El rey añoraba a su corazón que se marchó: a él mismo la
primera vez que cayó al suelo.
—Y no es que me recriminara.
—Es que lo mínimo destruye lo tanto que reconstruyes para
mantener esa imagen tuya que llamas “máscara”.
—Y no es que fuera una mala persona.
—Sino que simplemente está, y es casi imposible de aceptar
que quizá es hora de marchar y soltar a lo que tanto te aferras. Aquello que te
ata, pero que tanto te daña.
El hombre hizo tintinear la jaula de oro con unos
golpecitos de su bastón, el rey levanto la mirada entre lágrimas y negó con los
ojos bien abiertos.
—Va más allá que esto –señaló el rey.
—Se cierne sobre ti, más prologado que cualquier otro que
conozcas, más difícil de superar. Sin embargo, dime, amigo mío, y solo dime,
amigo mío: ¿el dolor que no conoces es incluso mucho peor?
—Evitando no lo comprobaré, pues sé que dolerá más de lo
que la máscara pueda soportar.
—Evitando no comprobaras lo difícil que es quebrarse
cuando cientos te veces te has vuelto a forjar.
—Y lo difícil es qué lo que me hace caer es tan ligero.
—Es que esperanzar no siempre es conveniente al corazón,
pues nada permanece siempre como fue forjado. Ni la espada más afilada, ni las
piedras más preciosas, ni el corazón mejor lustrado.
»Ni esta jaula de oro –señaló con otro tintineo del
bastón.
Al mirar a la jaula, rey la encontró helada. No hirviente
como otras veces, sino fría y anhelante. Fácil de soltar. Difícil de soportar,
cierto, pero tan ligera de alejar.
—No volverá a ser, pero entre saber y hacer hay mucho
camino difícil de recorrer. Tus pies aún te sostienen ¿así que por qué no dar
un simple primer paso?
El rey abrió la tapadera de la jaula con el llanto aún
emergiendo de él. No hubo más que una palabra por parte de la jaula de oro:
Gracias. Dijo, y nada más.
Al siguiente momento el cielo se iluminó, los sentimientos
agobiantes atrapados en la jaula de oro, y el miedo libre, pero no prolongado.

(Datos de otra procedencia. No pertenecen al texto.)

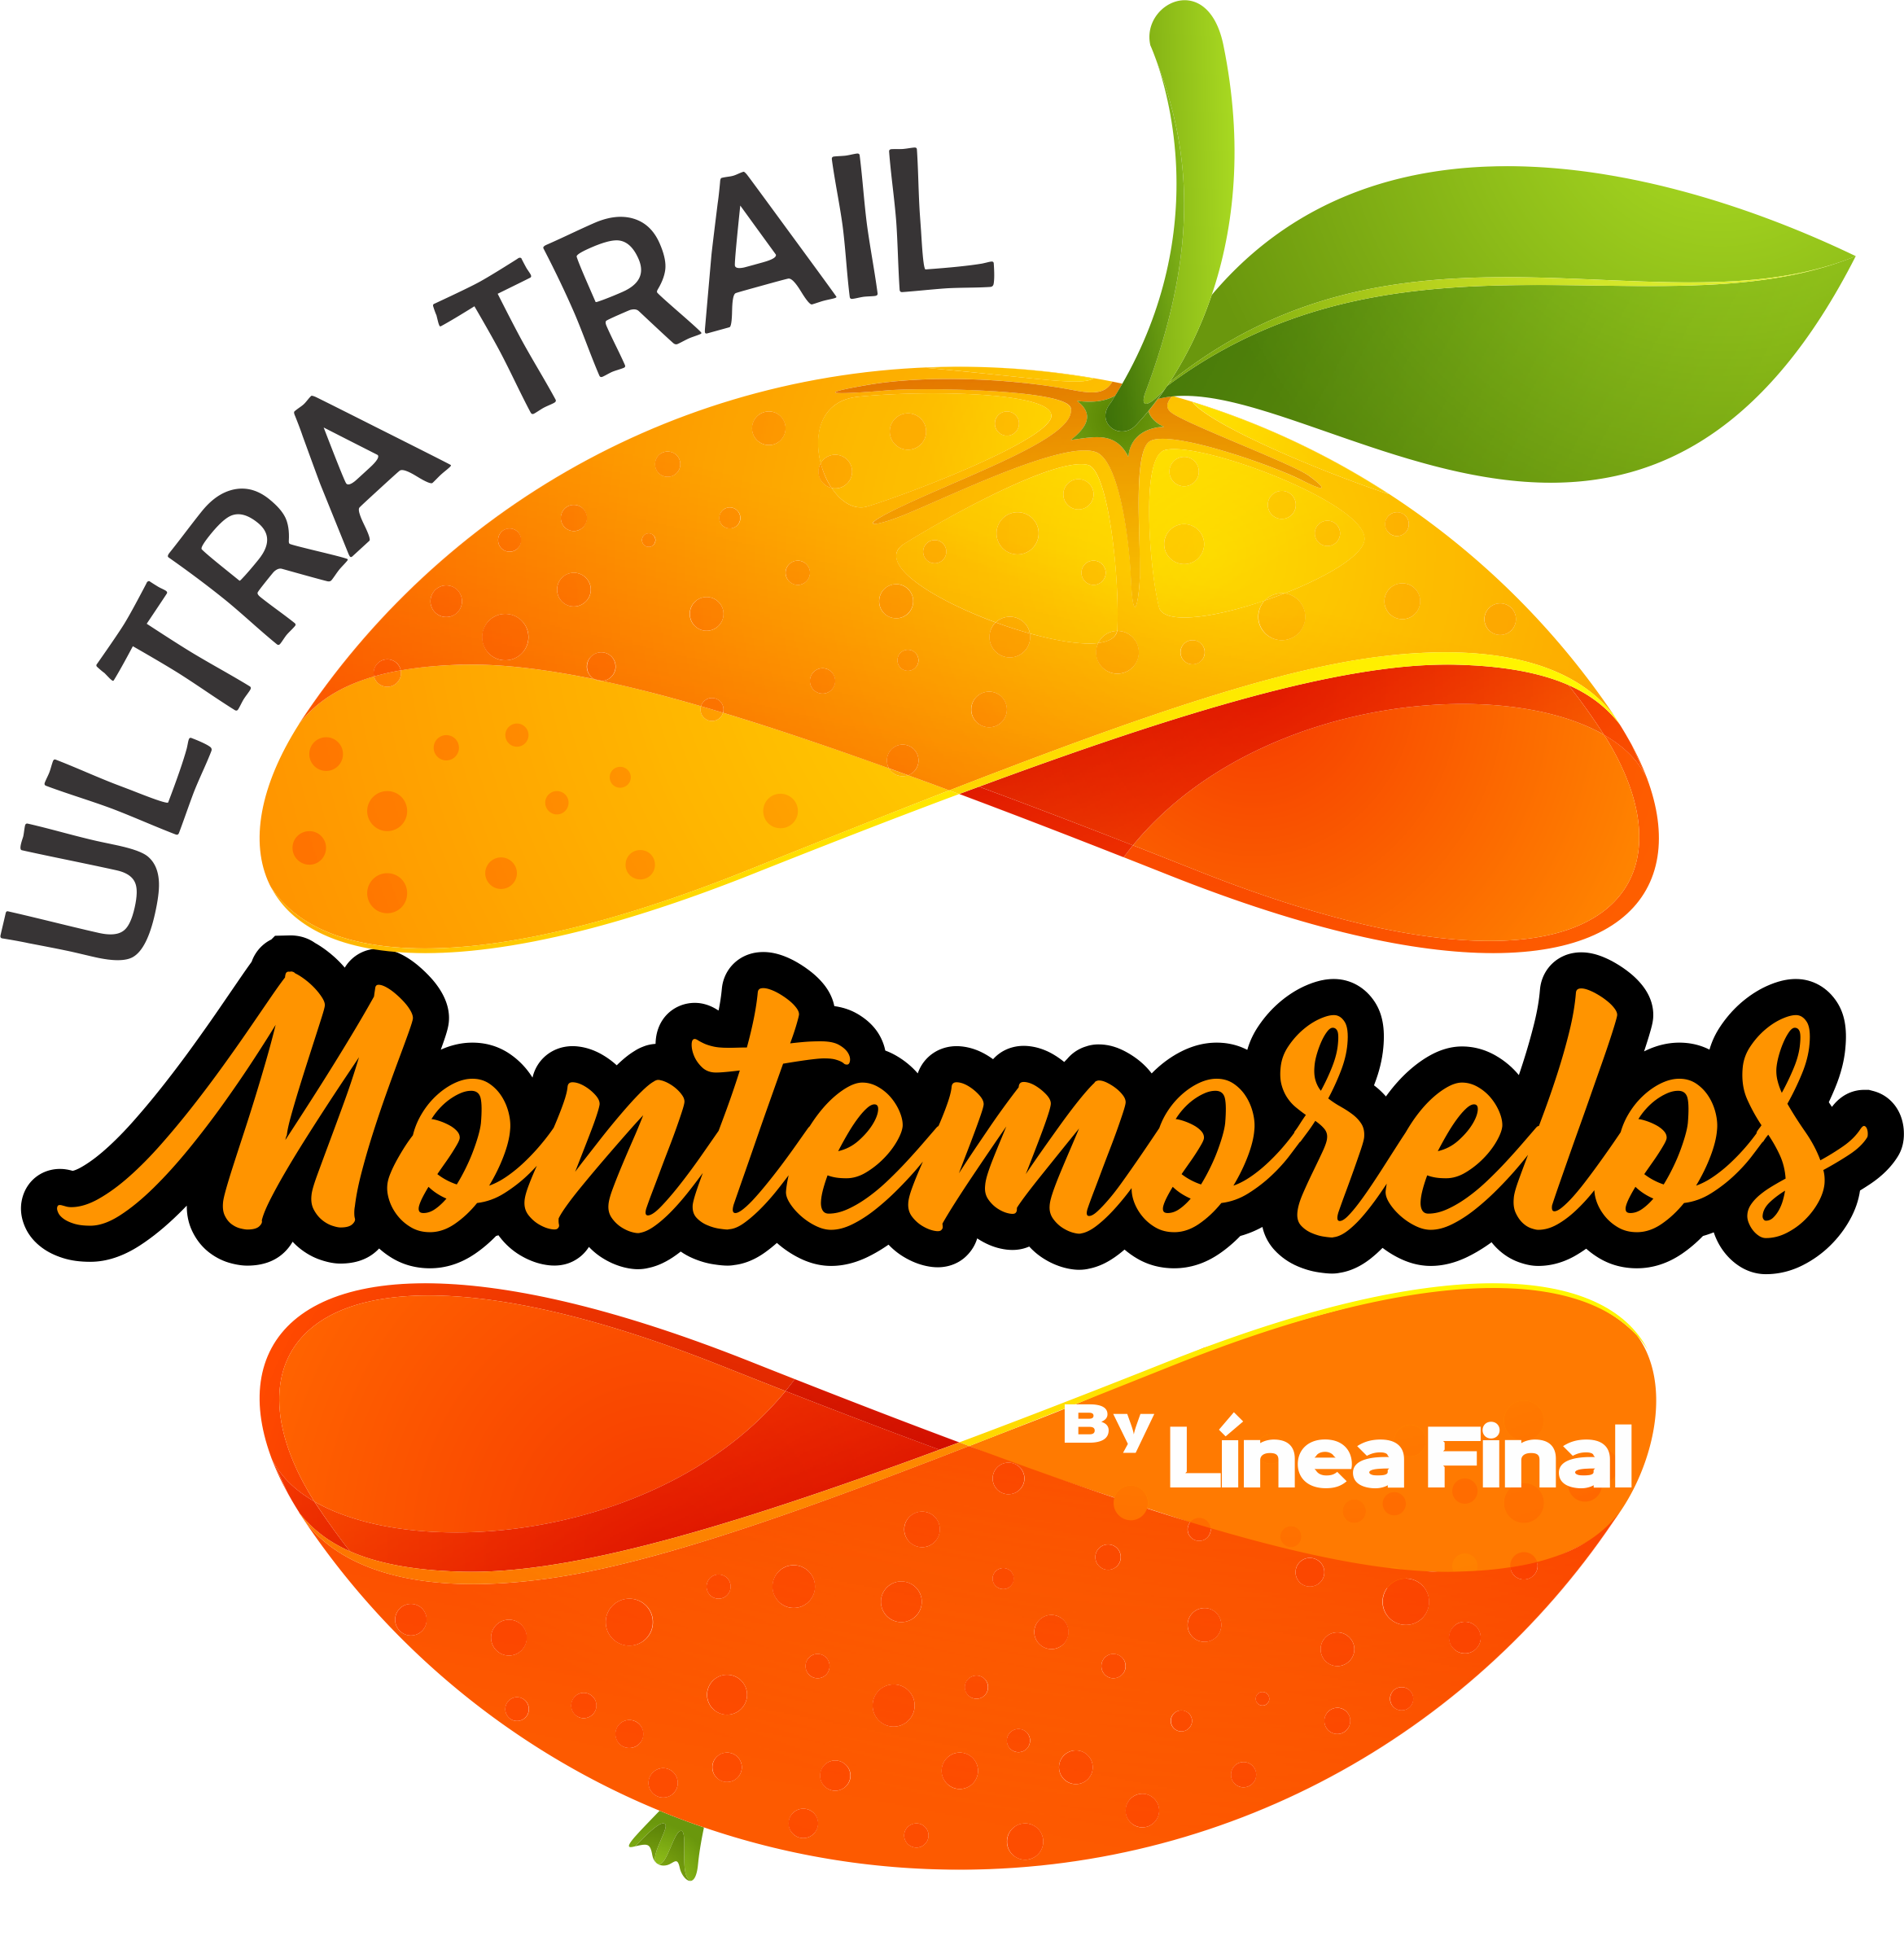 logo Ultra Trail Montemorelos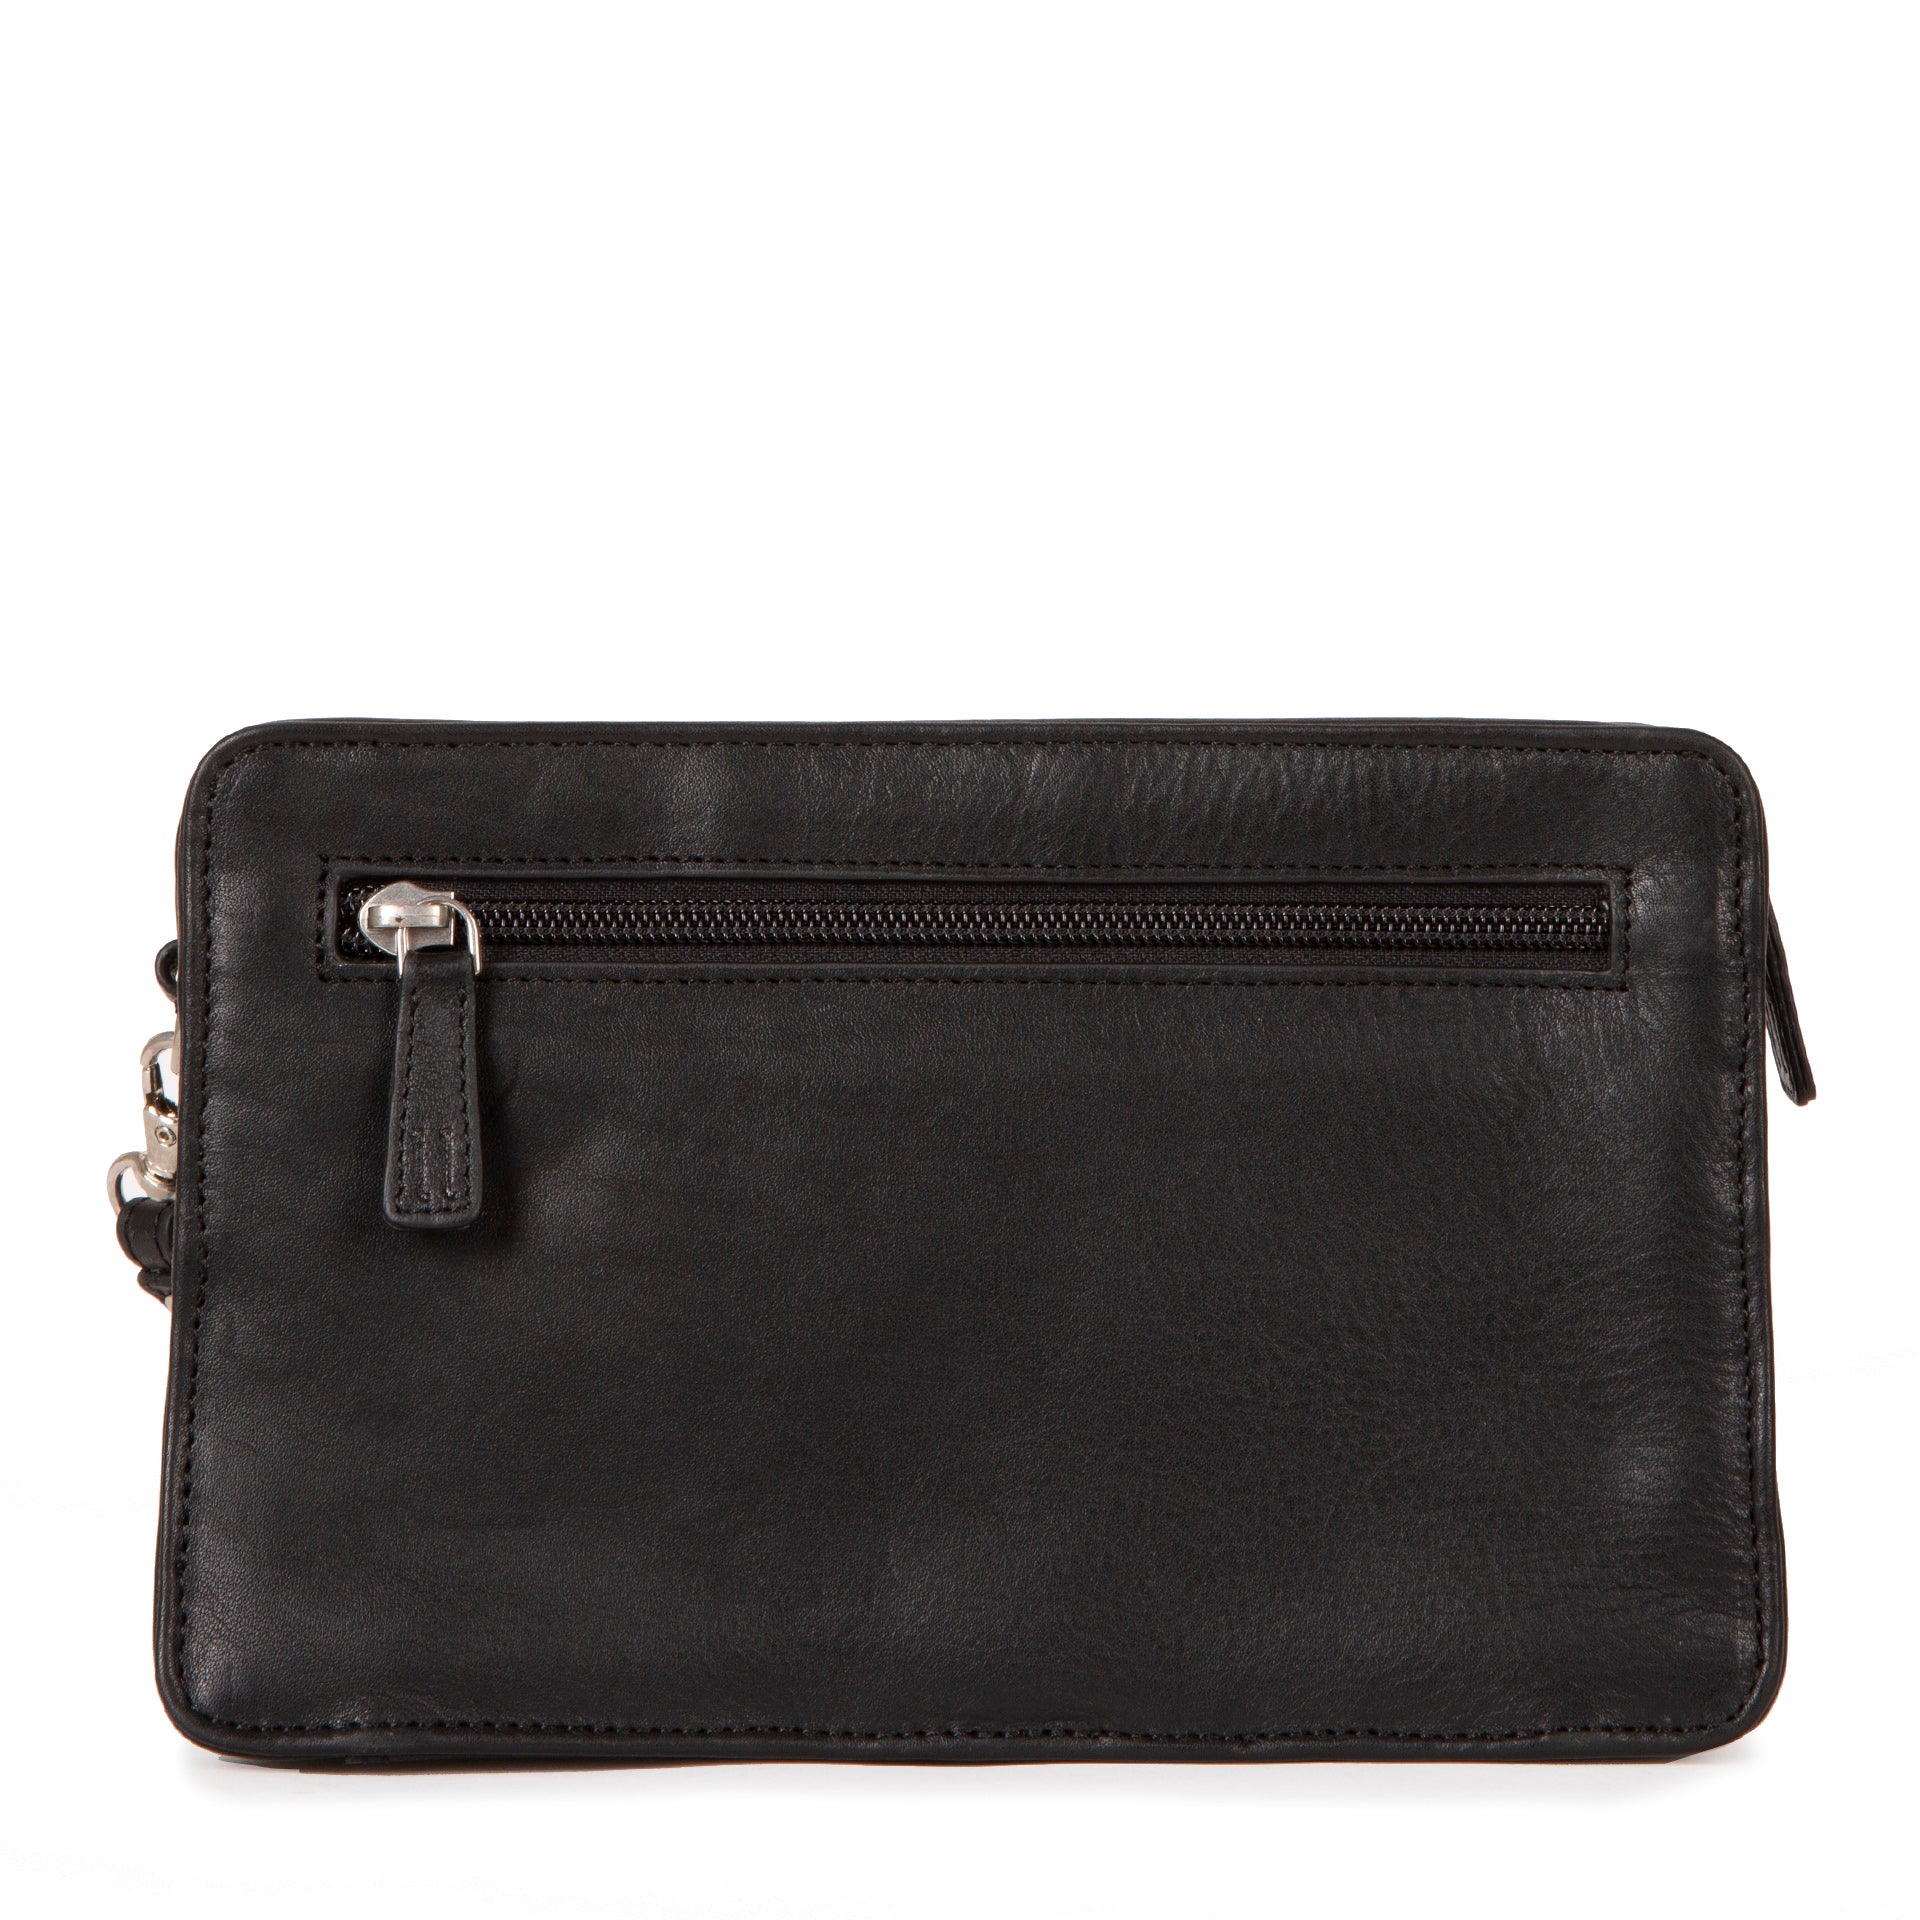 Falor Leather Double Compartment Purse | Stylish vests, Purple suede,  Leather hobo handbags

—La jaula de oro no se sacia con lo que tú le escribes,
amigo mío –explicó el hombre, posando una mano sobre los hombros del rey de ébano–.
Sino con aquello que no le escribes, aquello que sientes, pero nunca dices.
El rey asintió, pocas lágrimas permanecían como rocío en
las flores, sin embargo, sonreía. Sincero, por segunda vez en su vida. No recordaba
cuando fuera la primera, pero comprendía.
—No vistas nunca más esa máscara, a menos que encuentres a
otro quien la porte. Entonces póntela y finge la sonrisa, hasta que ambos sean
capaces de romperlas una vez más.
El rey agradeció al hombre cuando este se despidió camino
al Este. Se miró las muñecas y encontró arañazos sanados, se miró las palmas y
las encontró del color al que pertenecían. Se palpó el pecho y los latidos
correspondían a las melodías que alguna vez le consolaban.
Y miró en dirección a su jaula de oro, a su lado. No la
encontró más, en su lugar permanecía una nota con una flecha que marcaba al
frente.
Al alzar la mirada, se reflejó en otros cientos de ojos
más. Nadie se había marchado por siempre.